Exercise → Skipping all pictures, print exactly the lines below from the one with "Dear Time Women" through the final line.
Start of Collected data
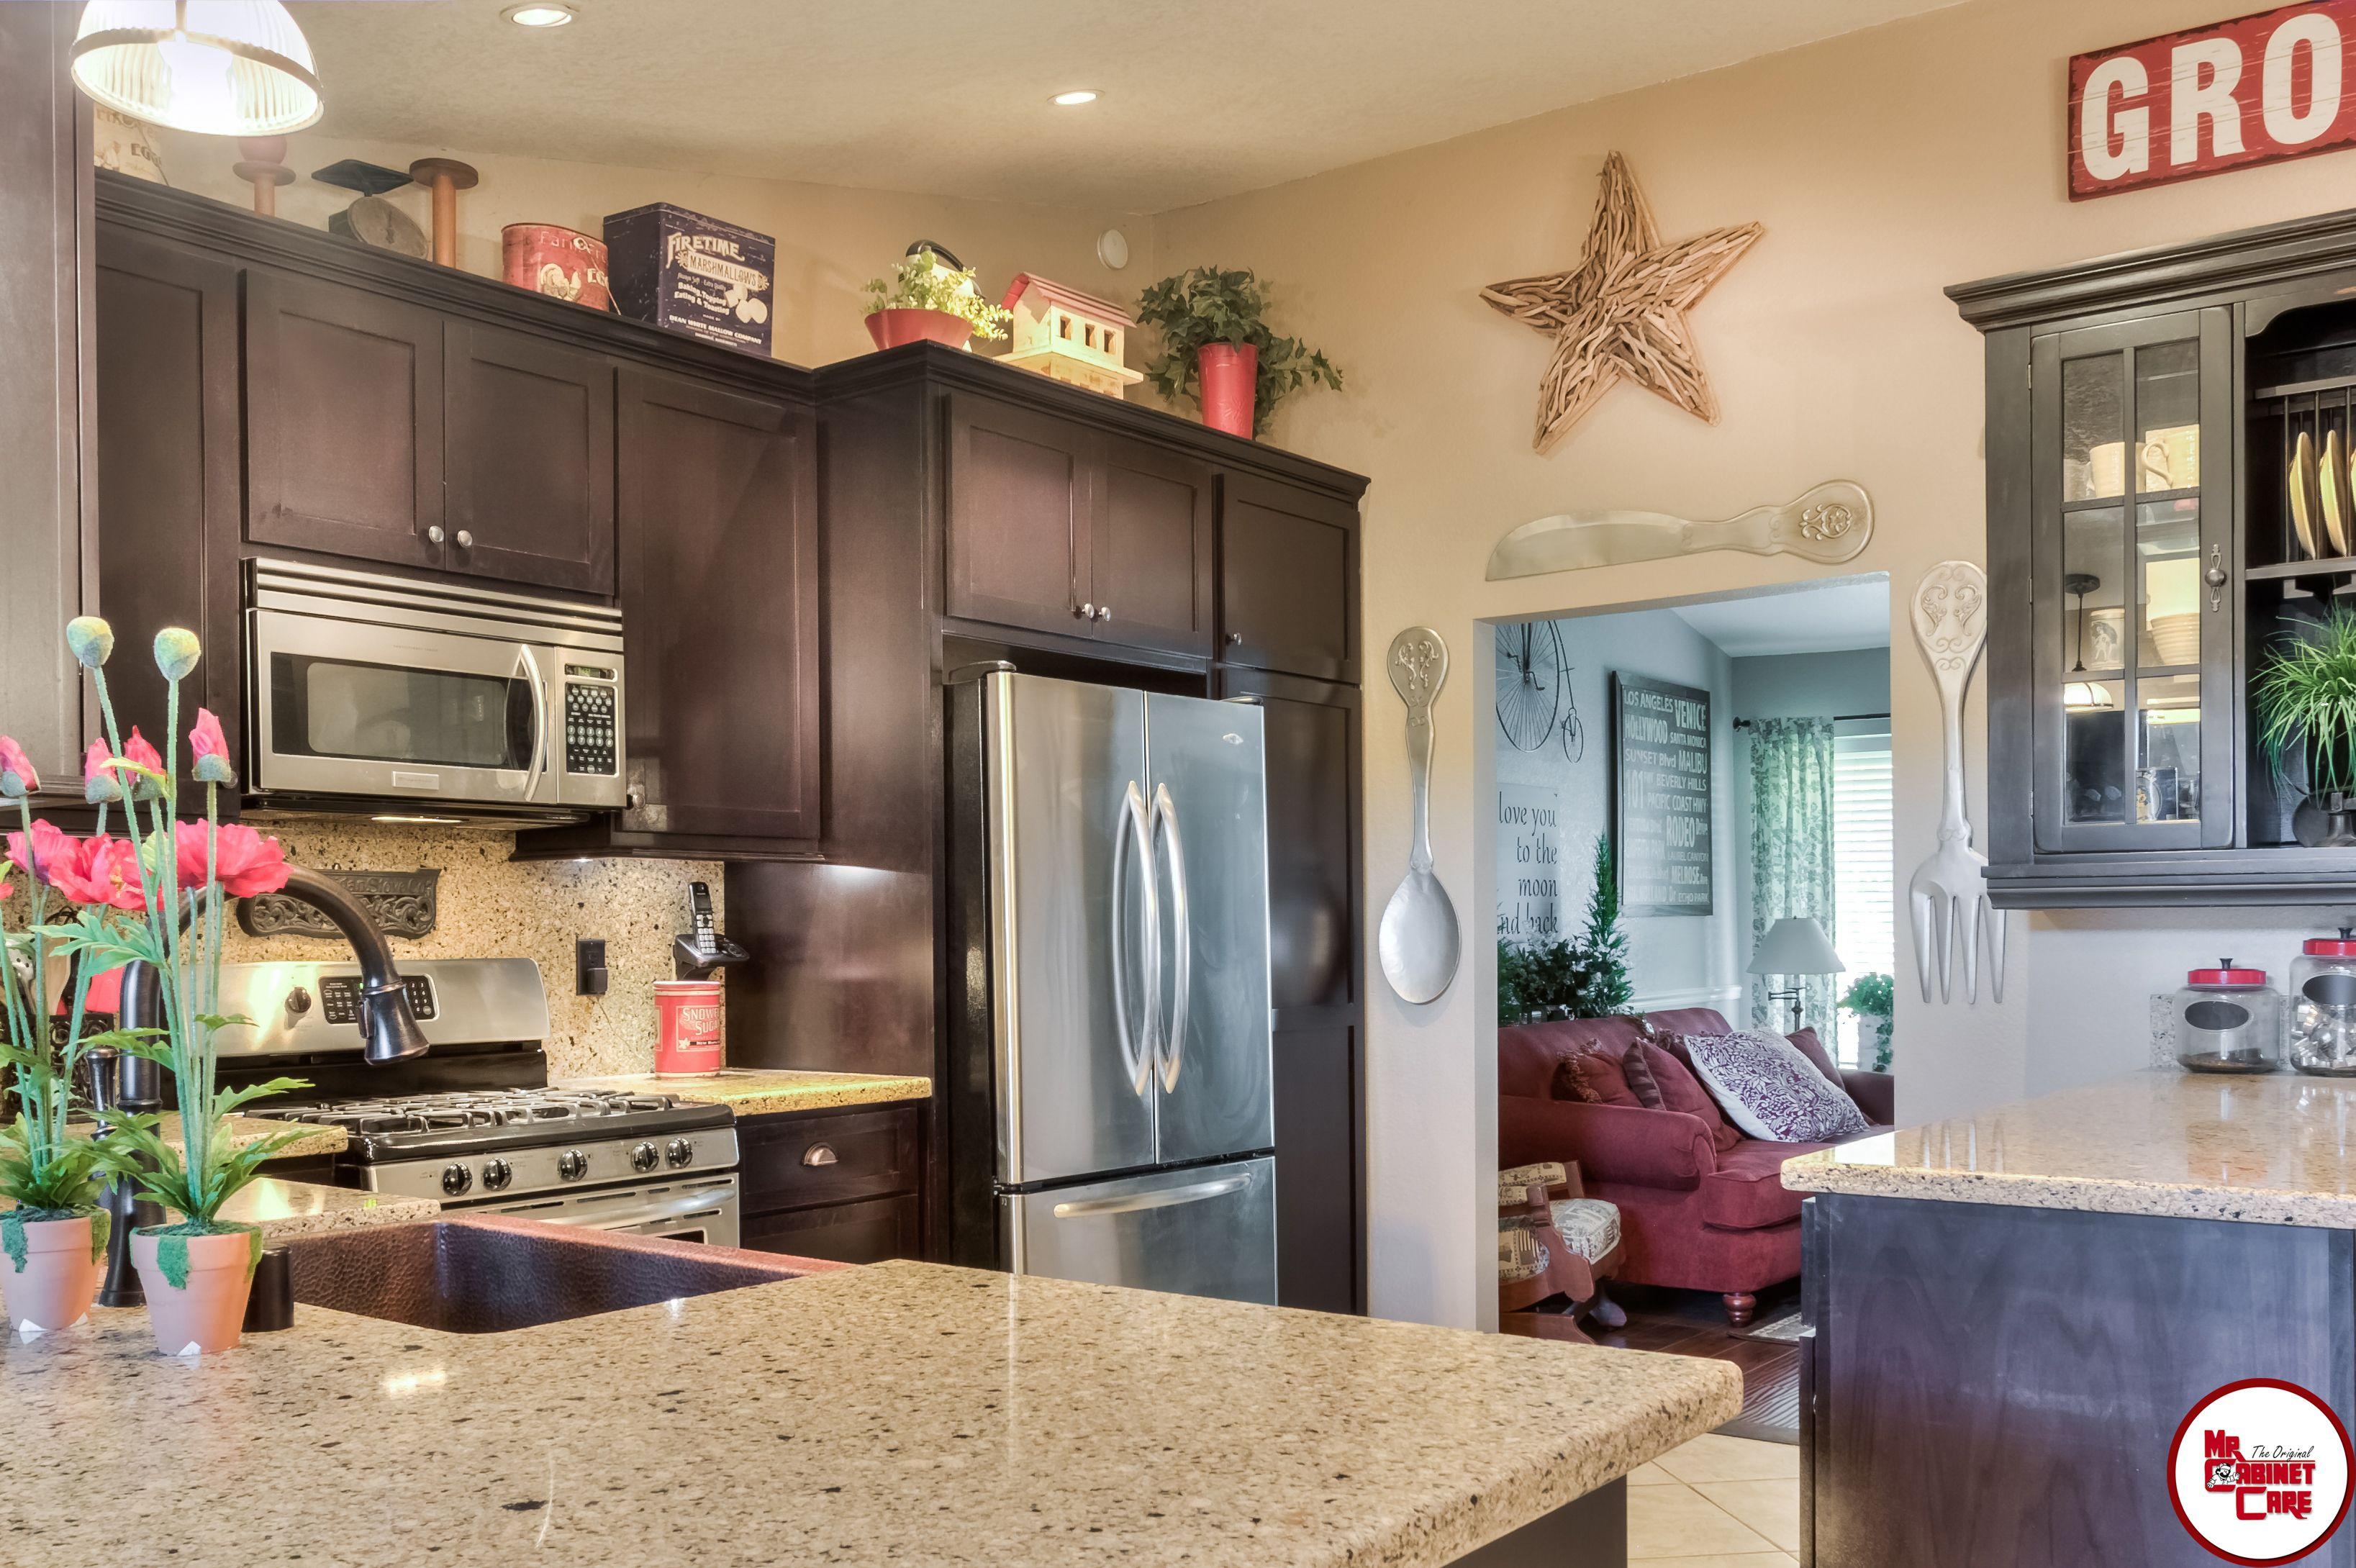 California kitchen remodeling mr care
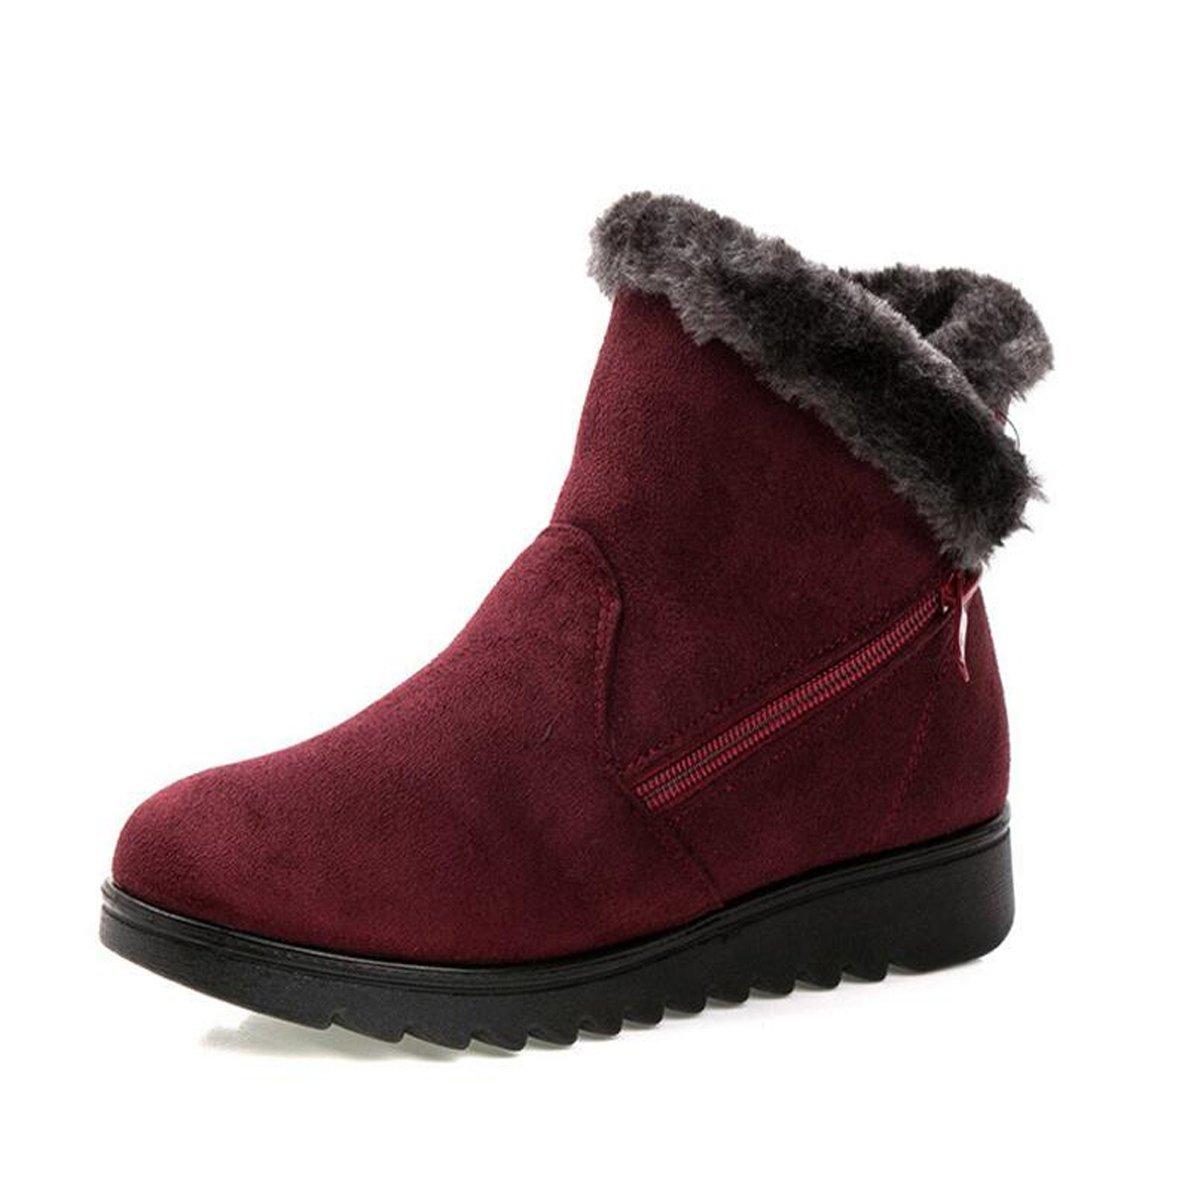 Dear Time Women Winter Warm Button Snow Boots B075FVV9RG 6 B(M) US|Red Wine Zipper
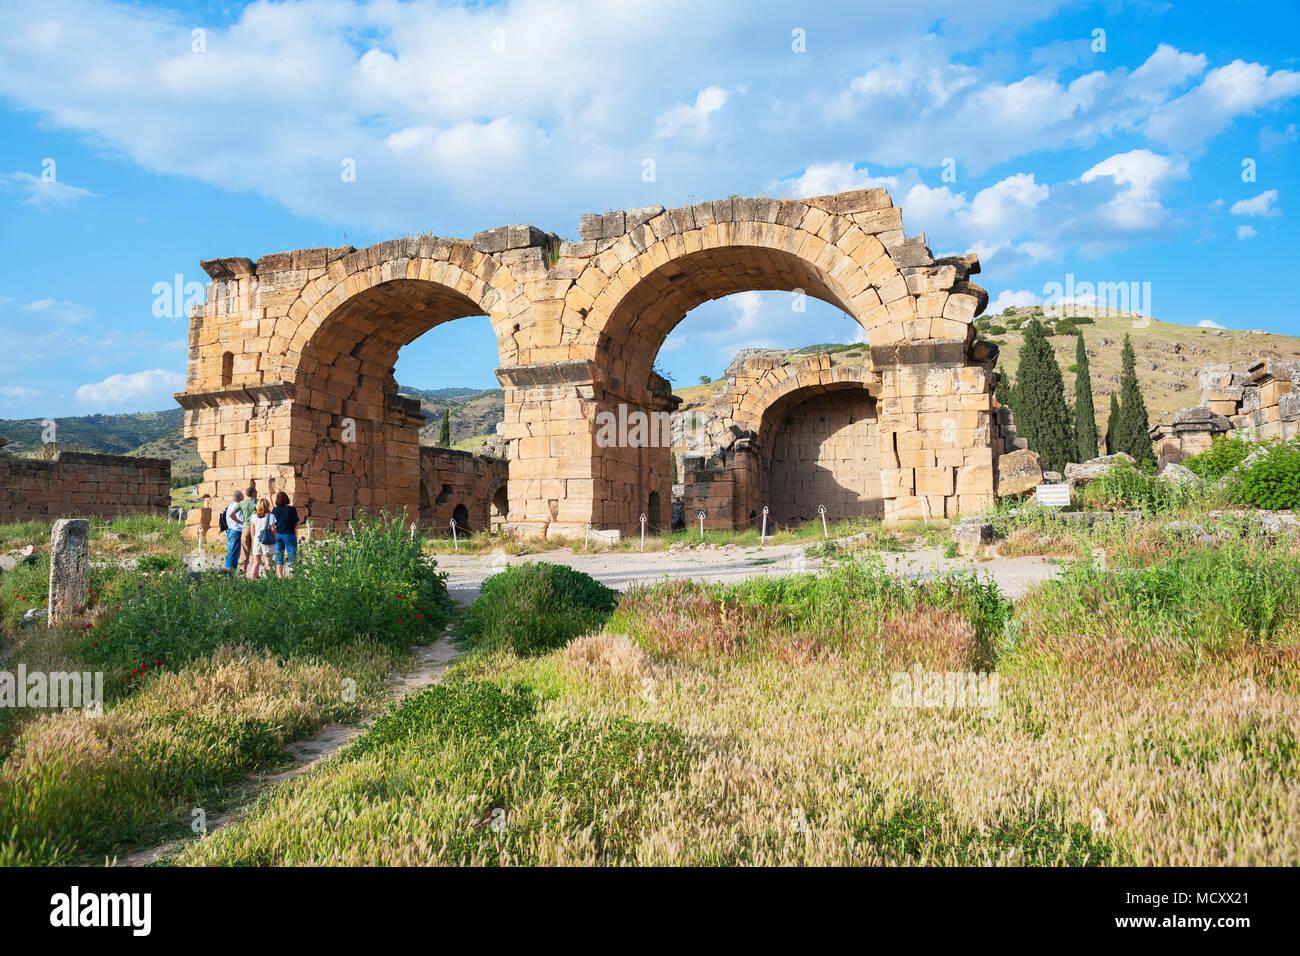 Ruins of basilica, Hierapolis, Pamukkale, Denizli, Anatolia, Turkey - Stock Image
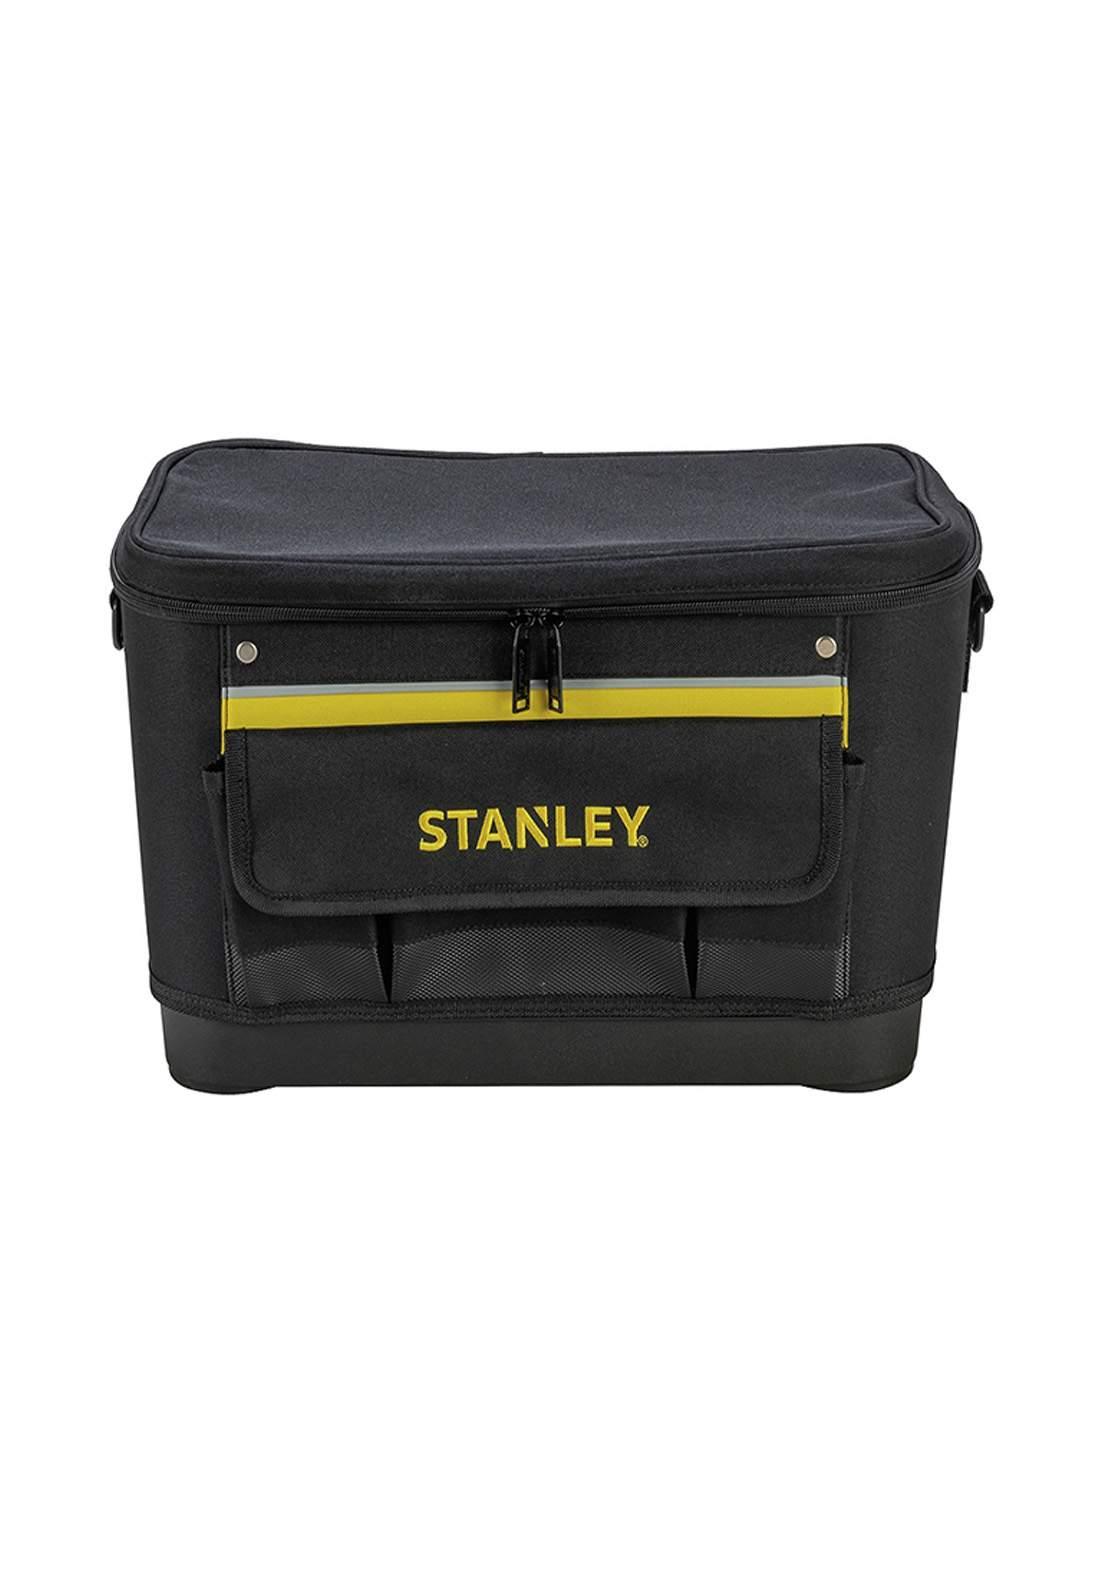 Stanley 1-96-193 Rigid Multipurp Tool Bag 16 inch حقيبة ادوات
End of Collected data
Exercise answer →
 Dear Time Women Winter Warm Button Snow Boots B075FVV9RG 6 B(M) US|Red Wine Zipper
 Ruins of basilica, Hierapolis, Pamukkale, Denizli, Anatolia, Turkey - Stock Image
 Stanley 1-96-193 Rigid Multipurp Tool Bag 16 inch حقيبة ادوات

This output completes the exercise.